I am Professor Timmy Gambin, an Associate Professor of Maritime Archaeology at the Department of Classics and Archaeology, University of Malta. The Department of Classics and Archaeology has established an underwater mapping project that aims to map the seabed of Malta’s territorial waters as well as ongoing 3D documentation surveys of various underwater sites and objects.

The University of Malta works in close collaboration with a number of partners, namely the Superintendence of Cultural Heritage and especially with the Underwater Cultural Heritage Unit within Heritage Malta.

I have no formal background or training in 3D but two team members (Kari & John) are what I consider to be 3D gurus. I always believed in 3D as a crucial factor that could help maritime archaeology—both in fieldwork and in the sharing of underwater sites. I was lucky to meet Kari Hyttinen who was way ahead of what we were doing in Malta. Since then we have developed, together with local diver (and now fellow 3D specialist) John Wood, a number of initiatives.

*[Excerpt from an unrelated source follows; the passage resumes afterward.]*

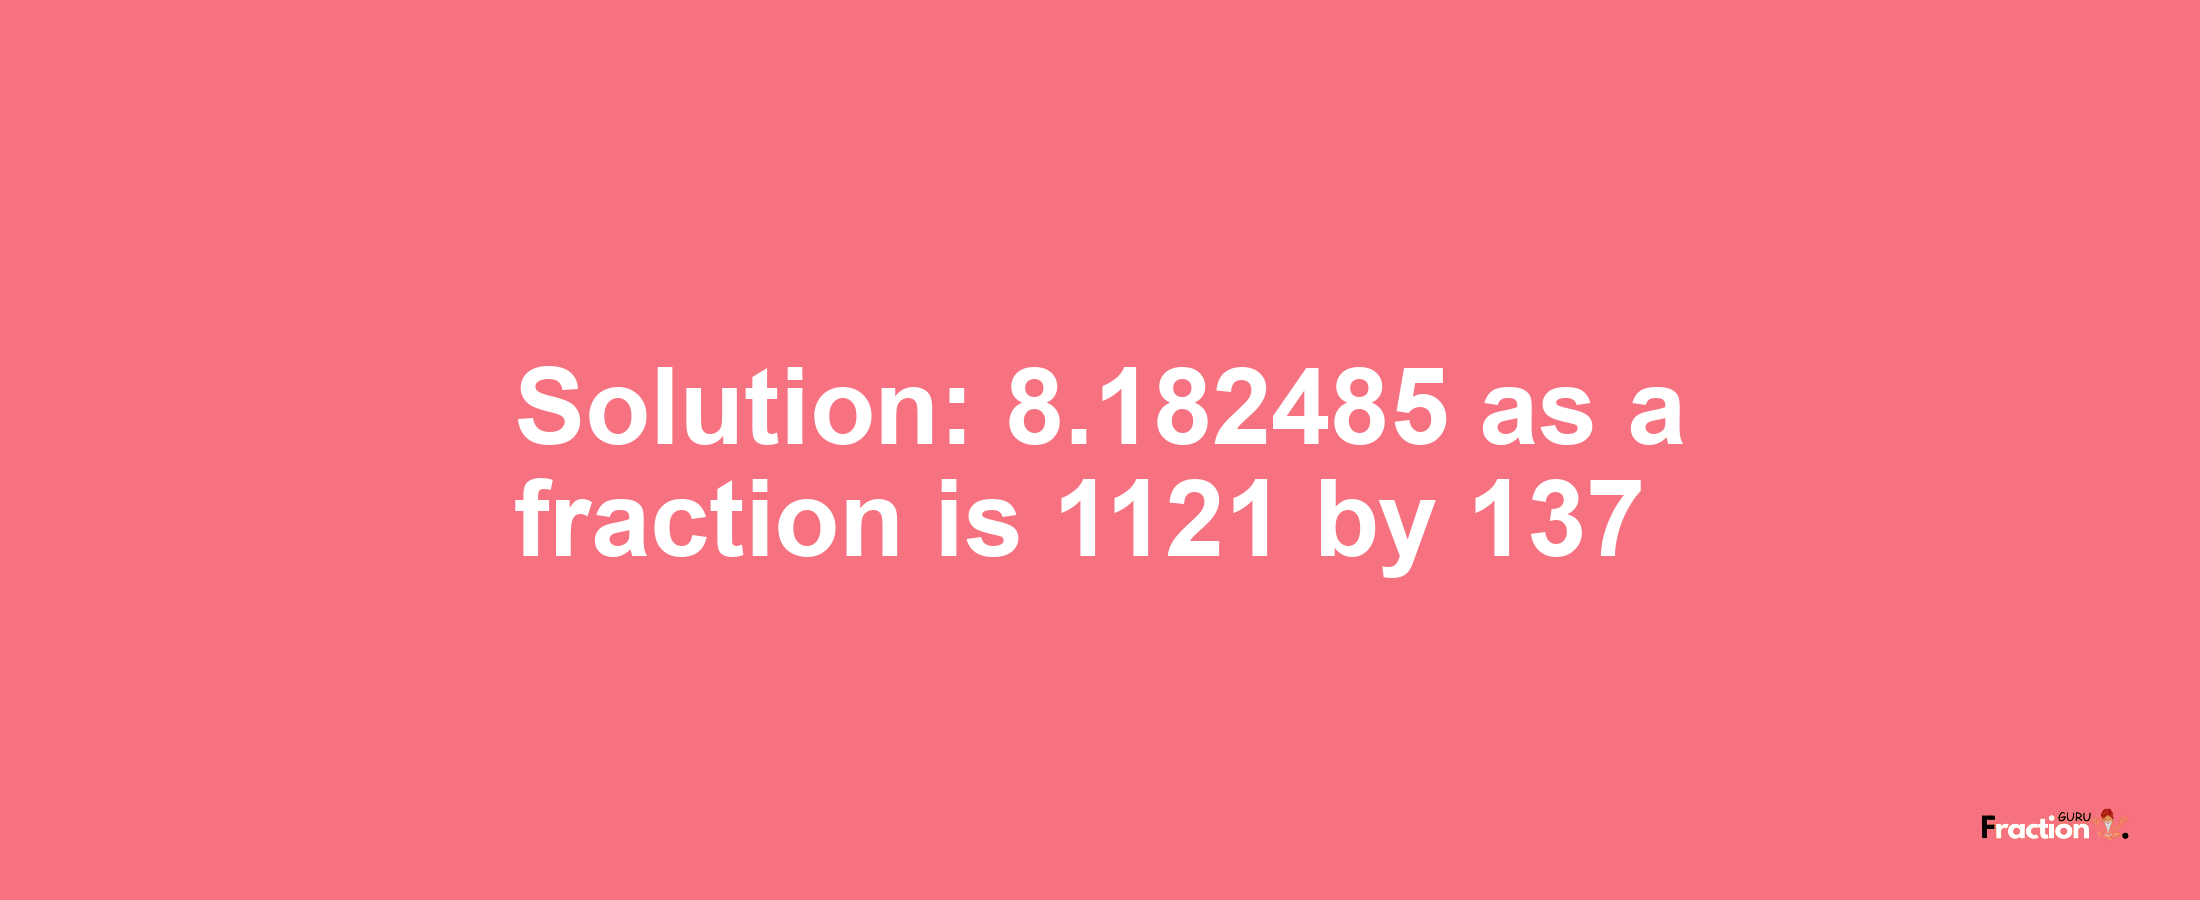 Solution:8.182485 as a fraction is 1121/137

We use 3D for a number of reasons—to record archaeological excavations, to better understand underwater sites that often cannot be seen in their entirety (due to limited visibility), and last but not least, to share sites with fellow academics and the general public alike.

Workflow for Underwater Cultural Heritage

Our typical workflow involves remote sensing surveys, diver surveys, computer processing, and finally public sharing. The UNESCO Convention on the Protection of the Underwater Cultural Heritage considers preservation in situ to be best practice. This is where remote sensing comes in. Remote sensing refers to the use of robotics, controlled from a boat on the surface, to collect large amounts of information in a short amount of time and usually at depths greater than accessible to divers. The data that is generated from this workflow has a multitude of uses, ranging from site location and identification to policy decisions and public outreach programmes.

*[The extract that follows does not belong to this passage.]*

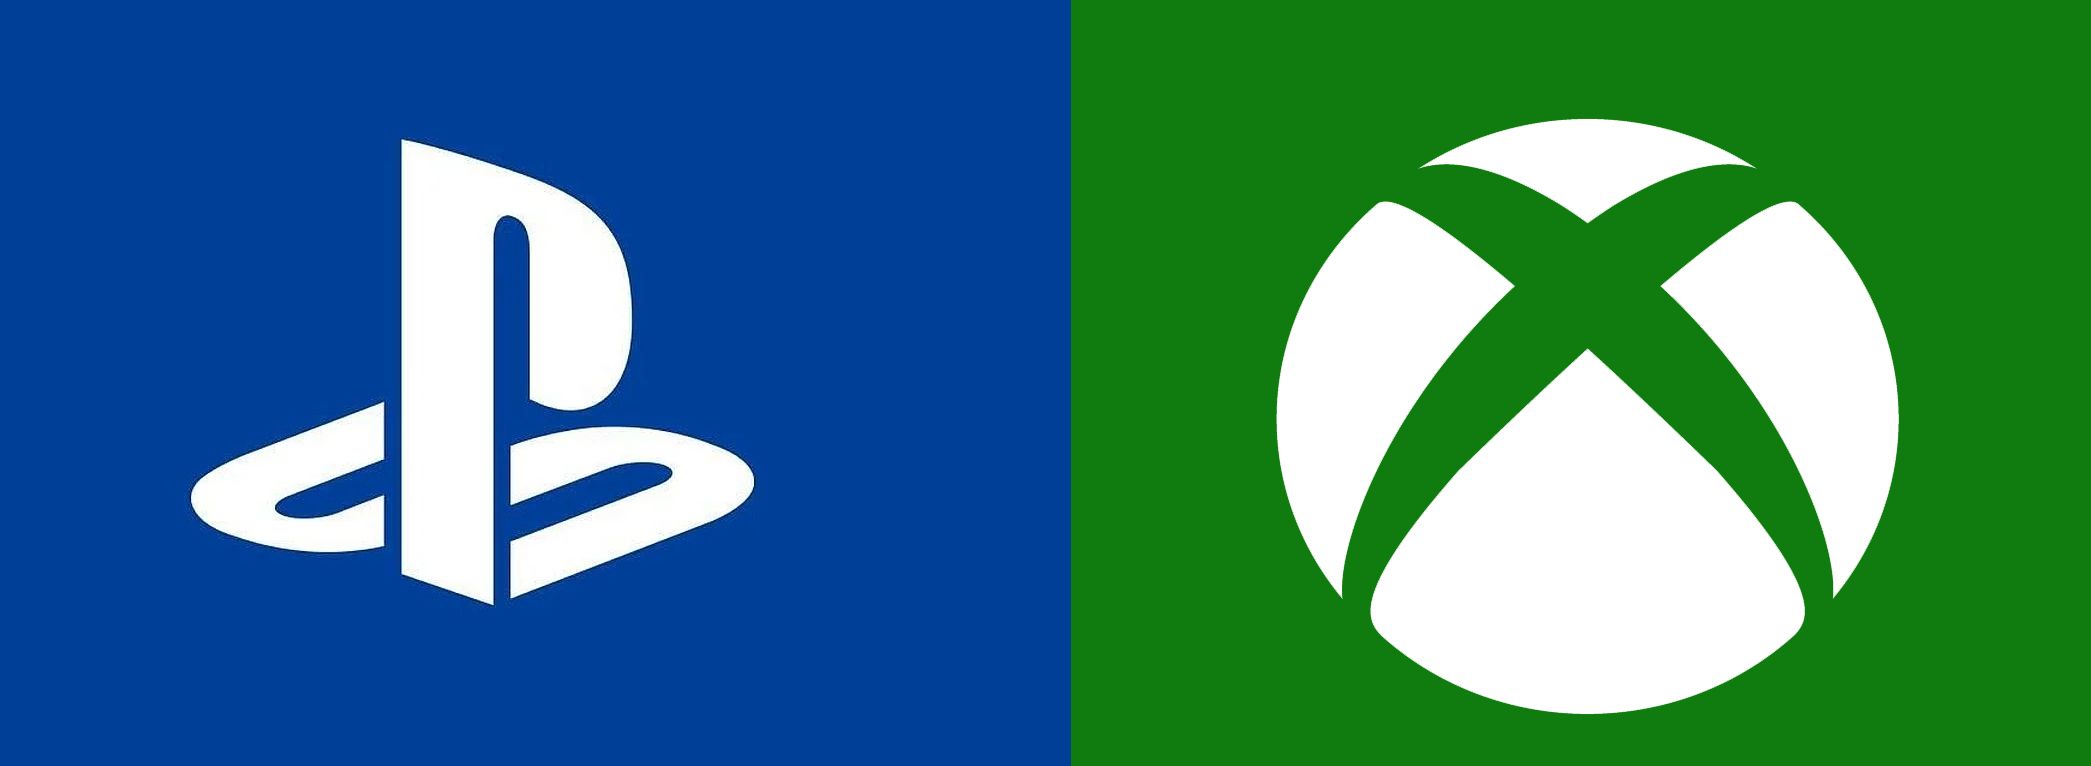 Image for Sony and Microsoft said to be working on ad placement program for console games

Side-scan sonar is one of the primary remote sensing tools. Since 2006, the University of Malta has been conducting offshore surveys aimed at locating, documenting, and recording submerged cultural assets. Results from this ongoing project feed into a programme of protection and management based on a comprehensive knowledge of underwater archaeological sites, allowing heritage regulators and operators to make informed decisions on best practices. The sonar is ‘flown’ along a regular pattern that is predetermined using specialised planning software. Each survey block consists of about 25km² and the sonar system is interfaced with a precision GPS, ensuring that all captured data is geo-referenced. Surveys were initially conducted using a towfish setup.

Essentially, the sonar is towed behind, or next to, any vessel capable of carrying the necessary equipment. The depth of the towfish is controlled by the length of cable used, the towing speed and direction. In recent years a different set-up has been used, where the sonar is mounted onto an Automated Underwater Vehicle (AUV).

An AUV is a device that integrates GPS, navigation systems, propulsion and direction modules, and a central computer to understand the environment that surrounds it. This setup allows the AUV to perform planned ‘missions’.

Our AUV has an EdgeTech high- and low-frequency side-scan sonar, which is the main tool used during our surveys. With this technique, we obtain a 2D image of the seabed, which can be used to make measurements and provides extremely accurate GPS positions. Using this set-up, we are able to survey the seabed up to a depth of 500 metres.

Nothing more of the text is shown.